If that title doesn't grab your attention I don't know what will!
So, what am I talking about? In the Sawmill industry, the ends of a log after it has been cut down are called the butt. Often, during the logging process, the ends of the logs get all mangled, so it's always important to trim the butts before we get to sawing! Below are some pictures of mangled butts.
In the first photo, we have what you might call "Biting Off More Than You Can Chew". In the second photo, we have "Where Should I Be Cutting This?" And in the third photo, "Sliver Extraordinaire" or, "I Hope You Own Tweezers". Now, it's important to note that there is nothing wrong with theses cuts being the initial cut for taking down a tree. There may be very good reasons why they were cut this way. But once the tree is on the ground and you have a chainsaw already in your hand still running, you might as well trim it once more so it's relatively straight and square, so you don't have to pay us to do it for you.
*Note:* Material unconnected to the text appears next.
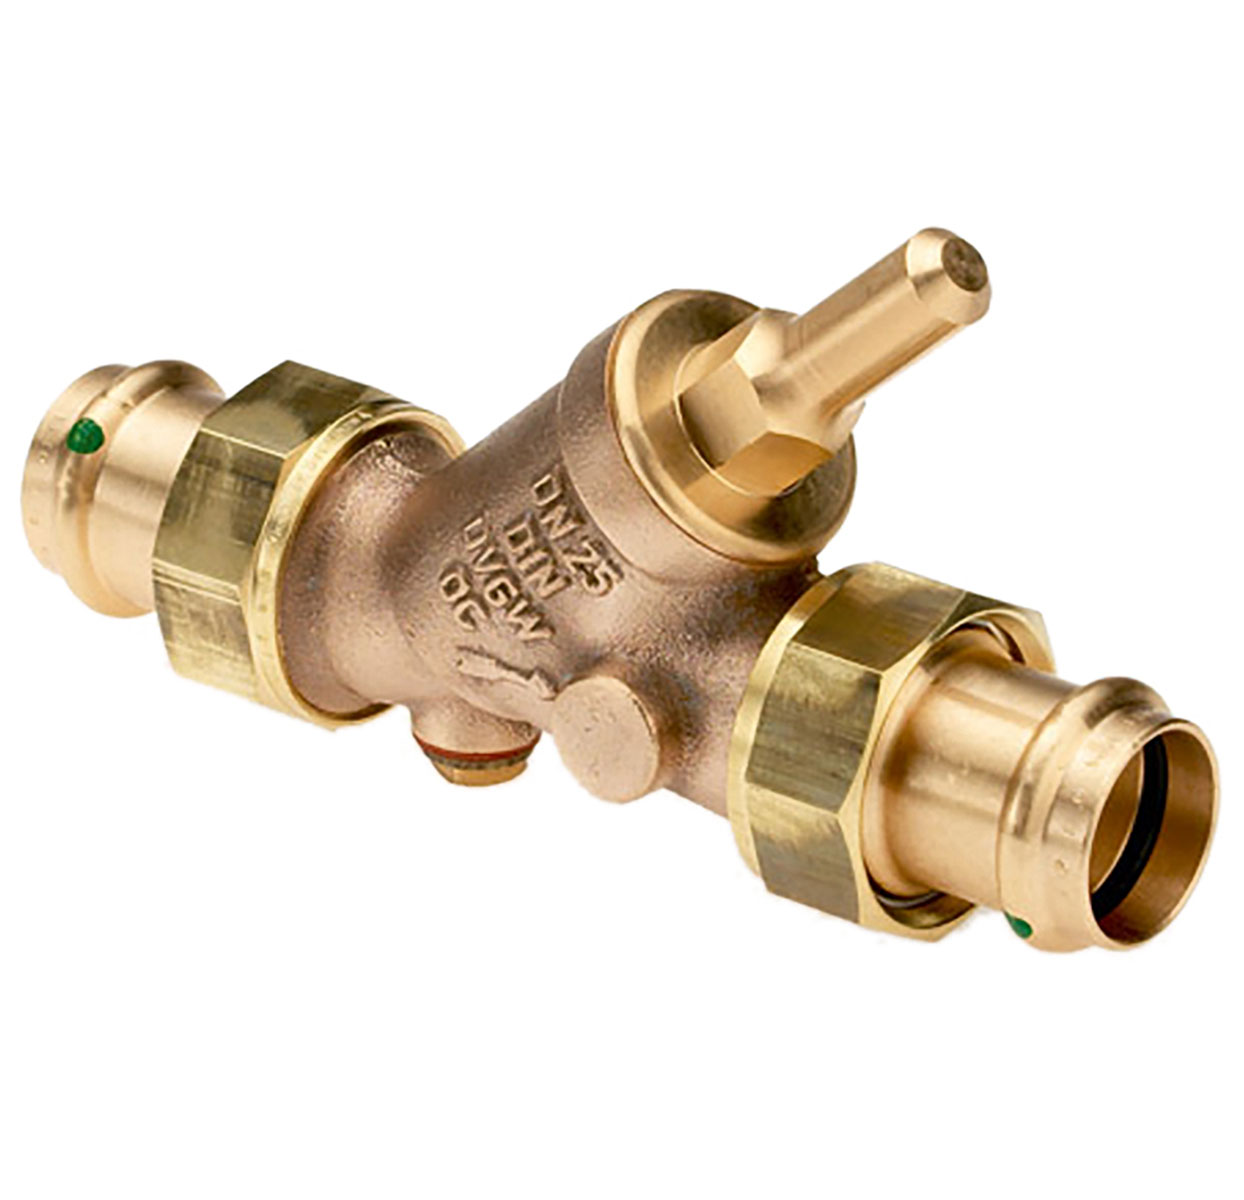 3730220 - Red-brass Backflow-preventer male thread, Viega Profipress, without drain valve

At the mill we are making all sorts of lumber: boards, timbers, trailer decking, etc. Whatever we're making, we are handling the wood several times before it gets back to you. There's nothing like reaching for that board off the mill and getting stabbed by a sliver that could take a thumb off. Yikes! Here are a few more pictures.
The first one is pretty standard a notch was cut to make the tree fall the desired direction. Then the cut was finished from behind, the tree began to fall before the cut was finished pulling the tree fiber, totally normal. Next, we have the "I Wished I'd Bought a Bigger Chainsaw" dilemna. Lastly, we have a nicely trimmed log, straight and relatively square to the face of the log. THIS is what makes everyone happy.
Now don't panic if you have been guilty of this, you can change. That's the reason I'm writing this in the first place. My hope is that by explaining some of our processes you will better understand why it matters. No hard feelings, I want to go on record and say we forgive you. However, if you continue to do it the odds are pretty good that you may receive a bit of guff for it. We're pretty well known for speaking our mind around here. The only thing I could see as an exception would be if you don't own a chainsaw. We will give you a pass if that's the case.
If you are having a logger take down trees for you and you think they may have some value as lumber be sure to let them know before they begin clearing trees. If you have questions about what to look for when it comes to lumber and what to look for in a tree see our log purchasing outline. Be sure and have it cut to lengths of 6 or more feet, preferably 8 or more.